[EXERCISE DESCRIPTION]: From the entries below, copy exactly the lines from the one that contains "Kuber Industries Oven" through the one that contains "Teachers get a", both included, and only those.

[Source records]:
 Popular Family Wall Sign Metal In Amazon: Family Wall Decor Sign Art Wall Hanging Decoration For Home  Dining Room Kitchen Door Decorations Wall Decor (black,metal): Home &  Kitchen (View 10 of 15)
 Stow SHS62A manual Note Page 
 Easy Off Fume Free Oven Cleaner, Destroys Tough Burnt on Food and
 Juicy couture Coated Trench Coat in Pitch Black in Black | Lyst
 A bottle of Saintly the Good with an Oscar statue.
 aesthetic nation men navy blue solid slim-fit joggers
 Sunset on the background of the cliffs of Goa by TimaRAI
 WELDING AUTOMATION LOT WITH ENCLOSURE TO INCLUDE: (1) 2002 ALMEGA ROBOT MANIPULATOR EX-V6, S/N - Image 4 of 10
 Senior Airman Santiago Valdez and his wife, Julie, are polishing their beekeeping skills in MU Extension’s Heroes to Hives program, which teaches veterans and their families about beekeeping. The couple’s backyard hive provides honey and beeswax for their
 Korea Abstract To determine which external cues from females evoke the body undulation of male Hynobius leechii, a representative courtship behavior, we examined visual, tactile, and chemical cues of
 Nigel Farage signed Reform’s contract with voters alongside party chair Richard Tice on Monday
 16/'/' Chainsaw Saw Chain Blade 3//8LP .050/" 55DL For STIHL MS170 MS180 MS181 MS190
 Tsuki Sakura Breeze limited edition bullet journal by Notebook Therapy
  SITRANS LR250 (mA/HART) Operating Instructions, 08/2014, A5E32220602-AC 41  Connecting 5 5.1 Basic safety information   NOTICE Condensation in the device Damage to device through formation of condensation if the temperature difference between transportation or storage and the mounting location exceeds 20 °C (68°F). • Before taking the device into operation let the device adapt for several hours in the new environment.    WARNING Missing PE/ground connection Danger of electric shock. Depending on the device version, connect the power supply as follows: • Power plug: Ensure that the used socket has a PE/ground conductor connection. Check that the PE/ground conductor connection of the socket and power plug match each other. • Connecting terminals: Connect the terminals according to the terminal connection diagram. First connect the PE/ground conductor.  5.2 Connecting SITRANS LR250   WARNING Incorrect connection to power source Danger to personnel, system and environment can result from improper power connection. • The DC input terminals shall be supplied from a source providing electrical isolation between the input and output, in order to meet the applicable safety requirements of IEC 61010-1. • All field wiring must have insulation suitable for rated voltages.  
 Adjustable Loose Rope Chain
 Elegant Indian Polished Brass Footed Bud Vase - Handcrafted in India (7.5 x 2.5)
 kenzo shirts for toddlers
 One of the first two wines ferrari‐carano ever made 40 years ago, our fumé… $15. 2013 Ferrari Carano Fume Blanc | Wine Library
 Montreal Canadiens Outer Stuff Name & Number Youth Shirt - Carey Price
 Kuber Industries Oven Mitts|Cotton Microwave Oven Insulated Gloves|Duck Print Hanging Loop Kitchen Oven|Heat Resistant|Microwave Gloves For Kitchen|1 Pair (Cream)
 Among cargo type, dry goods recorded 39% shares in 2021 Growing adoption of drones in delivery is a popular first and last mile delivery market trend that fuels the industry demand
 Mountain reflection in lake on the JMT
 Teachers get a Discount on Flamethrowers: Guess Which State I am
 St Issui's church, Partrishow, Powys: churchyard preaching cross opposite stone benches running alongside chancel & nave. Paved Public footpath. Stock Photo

[OUTPUT OF THE EXERCISE]:
 Kuber Industries Oven Mitts|Cotton Microwave Oven Insulated Gloves|Duck Print Hanging Loop Kitchen Oven|Heat Resistant|Microwave Gloves For Kitchen|1 Pair (Cream)
 Among cargo type, dry goods recorded 39% shares in 2021 Growing adoption of drones in delivery is a popular first and last mile delivery market trend that fuels the industry demand
 Mountain reflection in lake on the JMT
 Teachers get a Discount on Flamethrowers: Guess Which State I am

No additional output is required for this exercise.